US Secretary of State Rex Tillerson is in the region for the second time to achieve a breakthrough in the dispute after Bahrain, Saudi Arabia, the UAE and Egypt severed their diplomatic and trade relations with Qatar on June 5 over accusations it supported extremists and funded terrorism.
Tillerson will attend the inaugural Coordination Council meeting between the governments of Saudi Arabia and Iraq and will seek to boost the landmark warming of relations between Riyadh and Baghdad following years of tension. He will also work on narrowing the gap between Saudi Arabia, Bahrain, the UAE and Egypt on one side and Qatar, his next stop, on the other, and bring the countries to the negotiations table.
Tillerson in July visited Saudi Arabia, Kuwait and Qatar in his bid to bring the parties involved in the standoff together and start a dialogue.
However, he came up short in his attempt to resolve the crisis, and at the end of his shuttle diplomacy efforts, he made no announcement of any incremental progress.
“I’m tired, I’m tired, been a long trip,” Tillerson was quoted as telling reporters as he left Doha, the last leg of his trip.
Three weeks later, Tillerson sent Tim Lenderking, deputy assistant secretary for Arabian Gulf Affairs in the Near East Bureau, and Retired General Anthony Zinni, a retired US Marine Corps general and a former commander-in-chief of the US Central Command (Centcom), to the Arabian Gulf in another attempt to help defuse the crisis.
Tillerson’s second direct attempt to liaise between the two sides will face formidable challenges as the Quartet have clearly indicated that Qatar first has to respond positively to the 13 conditions they set in June days after the dispute broke out.
As the US official resumes his diplomatic efforts, speculation in the region is mounting over whether the GCC annual summit scheduled for December will be held, delayed, cancelled or shifted to another venue.
Last week, Kuwait’s Emir Shaikh Sabah Al Ahmad Al Sabah paid a one-day visit to Saudi Arabia, where he and King Salman Bin Abdul Aziz discussed the latest developments in the region.

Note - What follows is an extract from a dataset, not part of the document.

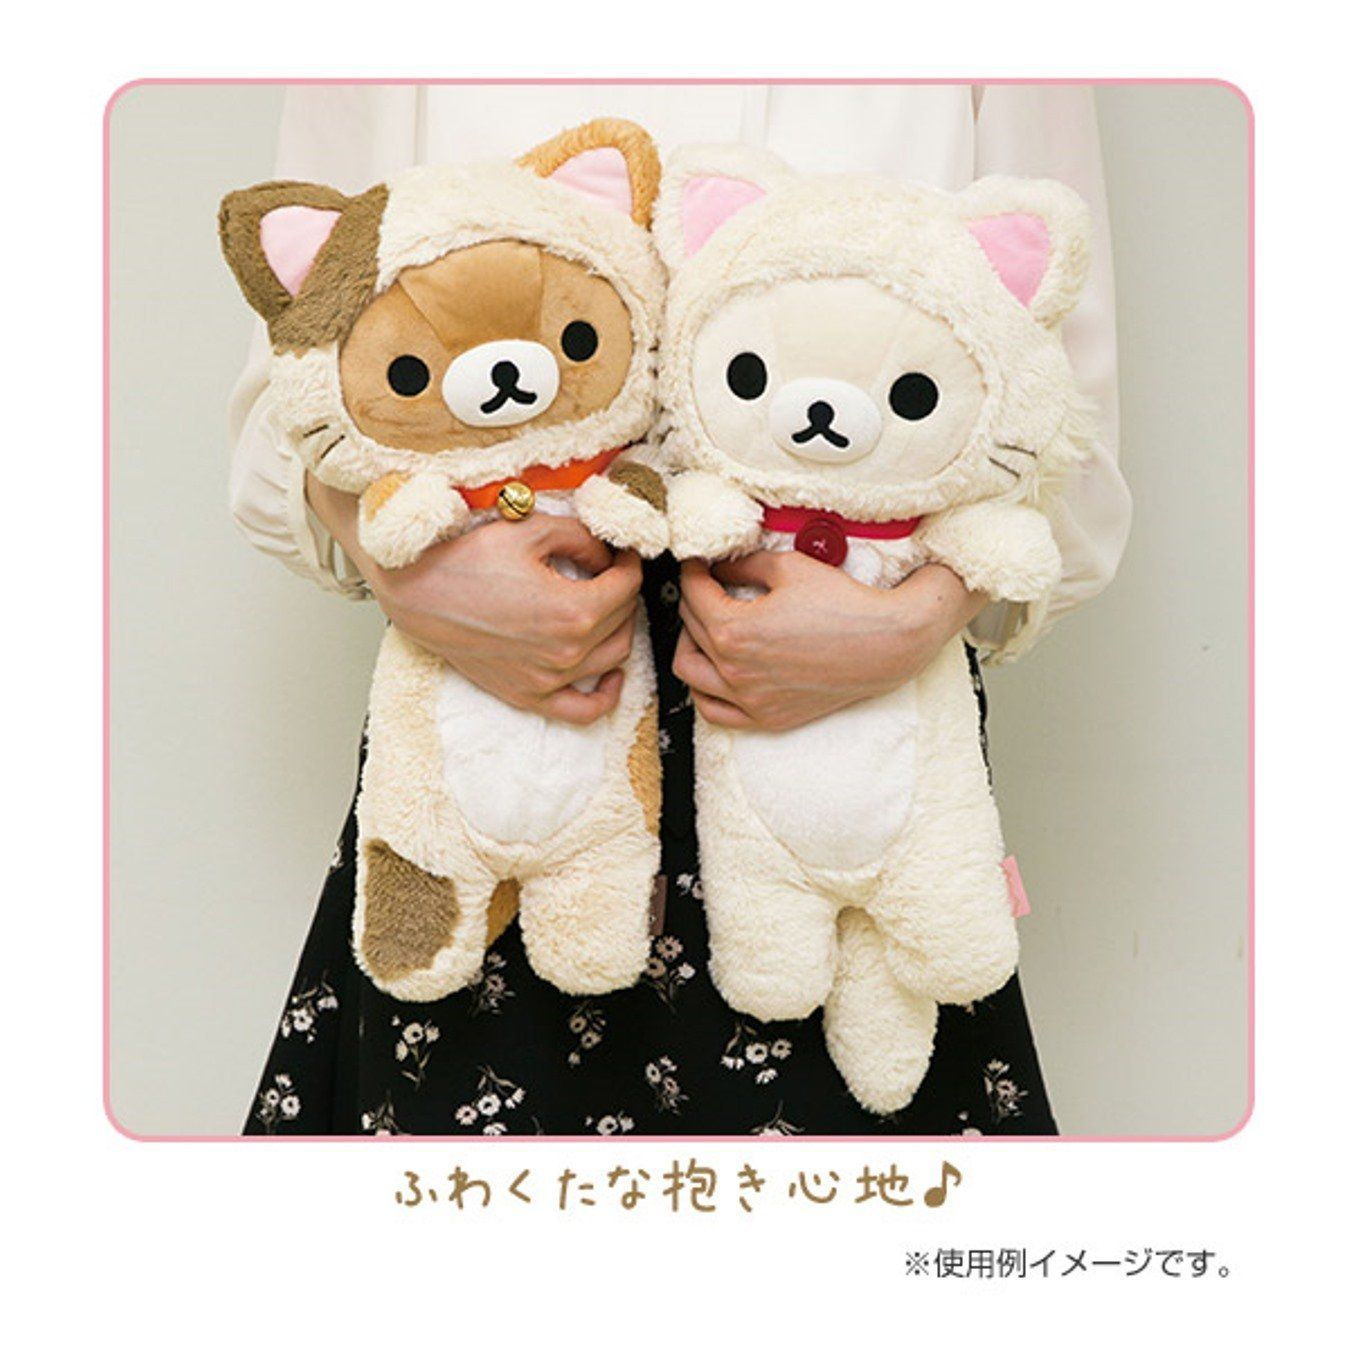 Relax Jomon San-X Rilakkuma collected stuffed animals

Then, Kuwait’s foreign minister held talks in Doha with Qatar’s Emir Shaikh Tamim Bin Hamad Al Thani.
No reference to the summit or the meeting was made by the official news agencies of the three countries in their accounts of the visit.
However, reports said Kuwait, which has been leading the mediations, was genuinely keen on holding the GCC summit that brings together the six leaders or their representatives.
However, as the GCC Secretariat General has not yet signalled that the summit will go ahead, speculation about its fate have been mounting inexorably.
Kuwaiti daily Al Seyassah yesterday quoted local diplomatic sources as saying that “despite the countdown, the fate of the summit had not been decided yet.”
The daily said Kuwait was opposed to shifting the venue of the summit to Saudi Arabia or the UAE, and to not inviting Qatar to attend.
“The Kuwaiti mediation is working on proposals that cannot be divulged now particularly that some media and social media are working on undermining all attempts to fix the situation or to find a settlement for the crisis,” the diplomatic sources said, without elaborating.